Only 14 pages are availabe for public view
Searching becomes a critical behavior of our life. In fact, the amount of information in the world is increasing exponentially over years. New books, journal articles and conference proceedings have been coming out each year. So, searching within this flood of information become a challenge. Millions of users interact with search engines daily. They may use Google, Yahoo, Bing …etc. they usually fall in a hole of which one of them is the best, which one has inside the perfect algorithms that returns the amazing results for their users. Thus each one has weakness points in searching. This holds to conduce that it is time to create new technologies fight those weakness points, these new technologies also can help us sift through all the available information which is the most valuable to users. In addition, could be services, different kind of languages which are currently spoken around the world. Furthermore, it services for all users’ needs and concern that each user on Internet has a distinct background and a specific goal when searching for information on the web. Really, Information Retrieval Systems as a science bases on these technologies’ ideas. Really, it plays critical roles to obtain relevant information resources for searching engines.
This thesis enters the race of challenges of improving web search engines performance and Information Retrieval Technologies by proposing several new hybrid technologies in Stemming, Ranking and Personalization. These technologies are core aspect in supporting Searching Results from web search engines. The evaluation of the proposed system proves that each of these technology is a significant benefits and improving the performance of Searching Engines and Information Retrieval Systems.
In Stemming, new technique called the Enhanced Porter’s Stemming Algorithm (EPSA) overcomes the drawbacks of the Porters algorithm and improves web searching. This new technique to overcome the stemming can cause errors in the form of words; ESPA algorithms prove that its hold a good Stemming weight that means it’s stronger in stemming than the Porter algorithm. In addition, EPSA improves the performance of the Information Retrieval system in respect to the recall and precision measures.
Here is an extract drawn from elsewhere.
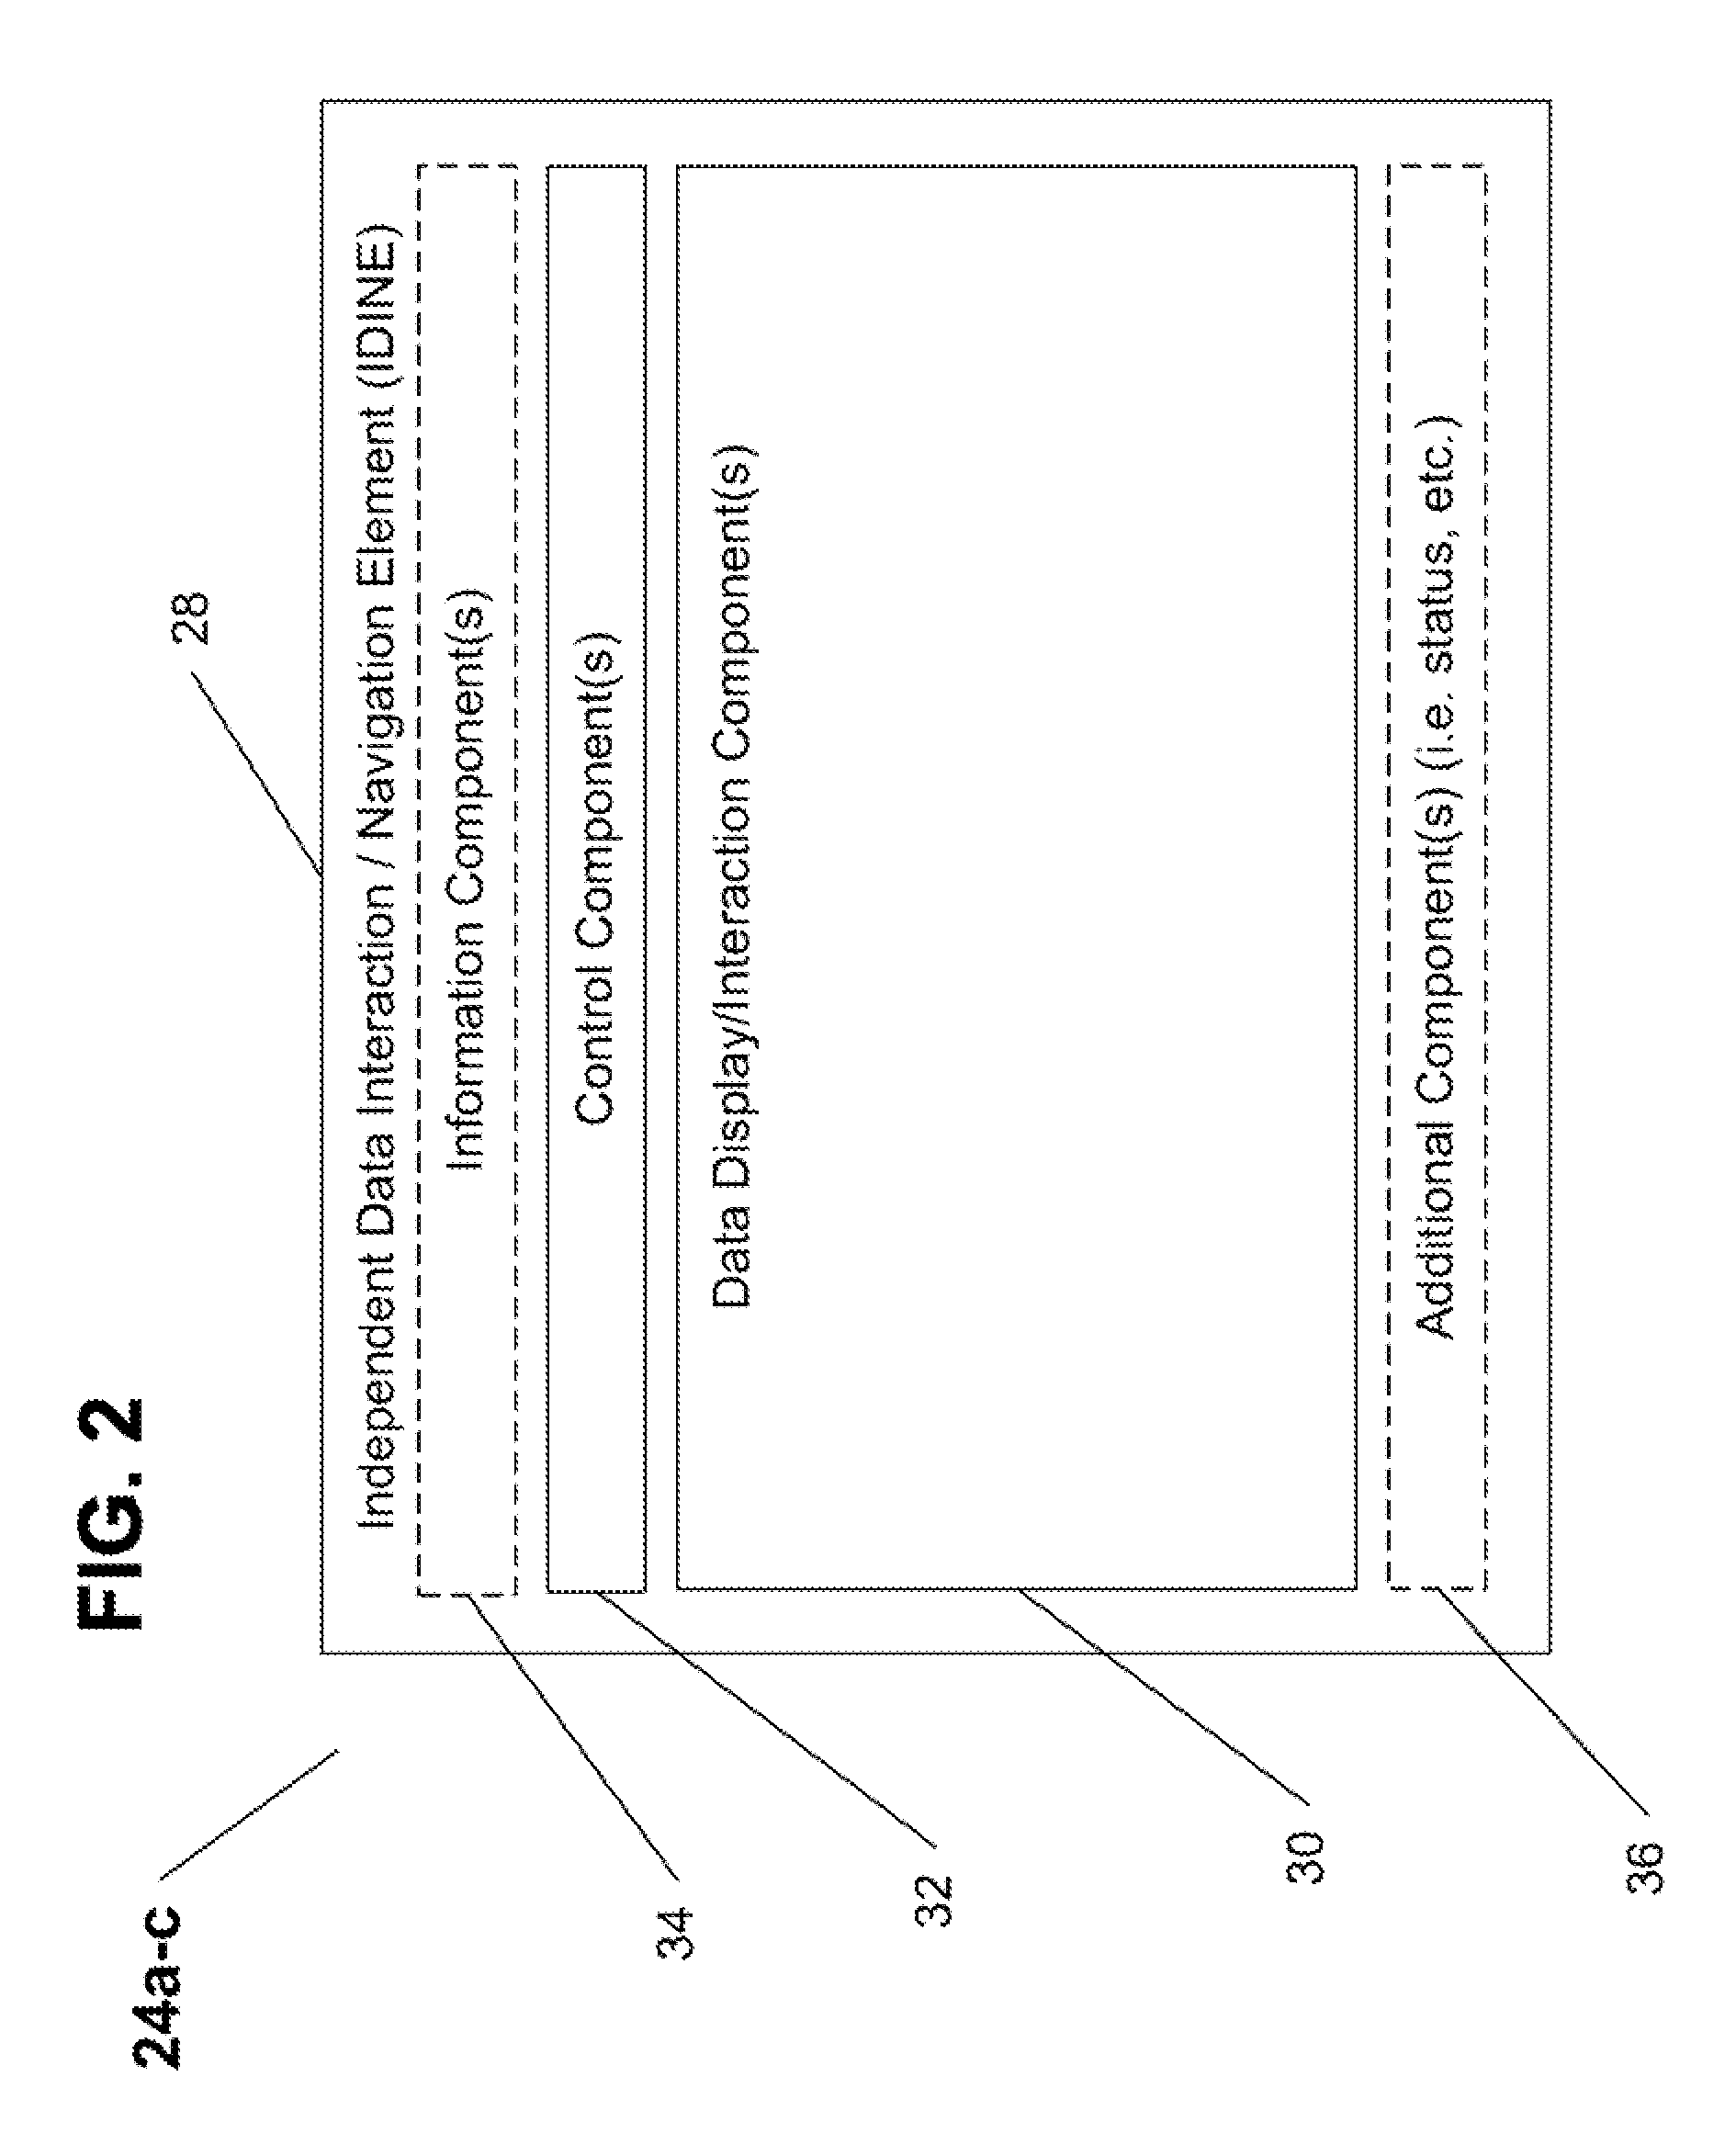 System and Method for Enabling at Least One Independent Data Navigation and Interaction Activity Within a Document

The EPSA improves the precision over the Porter algorithm by about 2.3% while realizing approximately the same recall percentage.
For Ranking, a hybrid ranking algorithm to utilize the usage data called EHURA (Efficient Hybrid Usage-based Ranking Algorithm). This ranking algorithm to improve the ranked list provided from Arabic/English search engines that based only on Content-Based ranking. The results show a good percentage of improvement in the precision measure; the improvement percentage of EHURA over the Content-Based Ranking Algorithm about 10% for Arabic Language and 15% for English one.
Finally, a new technology for Personalization; this technology based on a new hybrid automatic semantic personalization re-ranking algorithm to utilize the usage features called NASPR (New Automatic Semantic Personalization Re-ranking). this hybrid personalized Re-ranking algorithm bases on semantic analysis for the words. NASPR verifies its effectiveness over EHURA’s ranking results by 1% in precision and 3% in recall.